AI technology has the potential to separate the mechanical aspects of writing from the more creative aspects. To put it another way, the verb "writing" feels like something that AI should do. The noun "writing" should be the end product of a collaboration between human and robot. If the collaboration means that great ideas can bypass writer's block, the efficiency gain is obvious!

To use another example, the web optimization of content already seems like something that AI should handle much better than humans. A few years ago I was discussing with an AI-expert friend of mine how news sites were already using AI to write sports reports. He pointed out that this process, where an AI optimizes content for Google's algorithm, is essentially a "conversation between two robots." Humans continuing to tweak web copy to feed algorithms will increasingly risk finding themselves in the way of technology.

Why Marketers Should Be Excited

These changes are scary, but they are also genuinely exciting. Open AI will change the nature of work.

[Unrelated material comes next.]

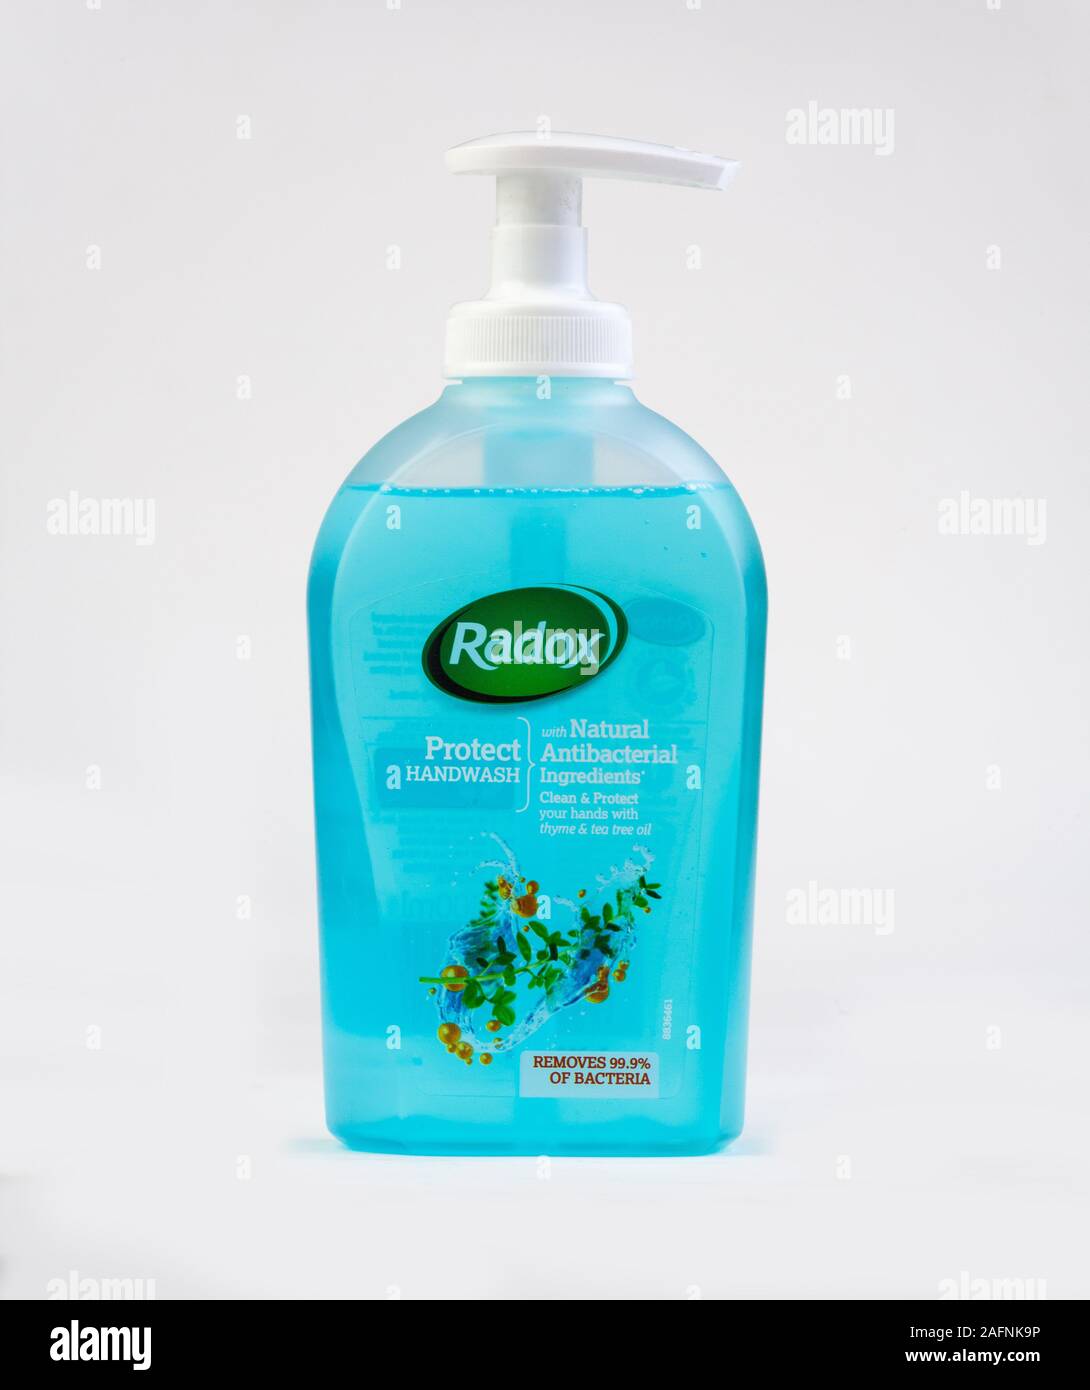 Radox antibacterial handwash Stock Photo

Jobs that are predicated on churning out large volumes of content will become scarcer, particularly those where the value-add is taking somebody else's ideas and turning them into marketing copy.

Content creator roles may be scarcer in the future, but the roles that remain should be better and more fun than the equivalent roles today. Creative writers will double down on creativity while learning to work alongside powerful text-generating tools. "Prompt engineering" is emerging as a useful skill, as content creators learn how to make the AI deliver the copy they need.

Marketers and companies wishing to reach a market for their products will get to focus increasingly on ideas since the ability to turn ideas into writing will become commoditized.

Although Open AI will vastly increase the amount of content in the market, the content it originates will be relatively undifferentiated. The quality and clarity of the ideas and their relevance to the target market will grow in importance in an ever-expanding marketplace for ideas.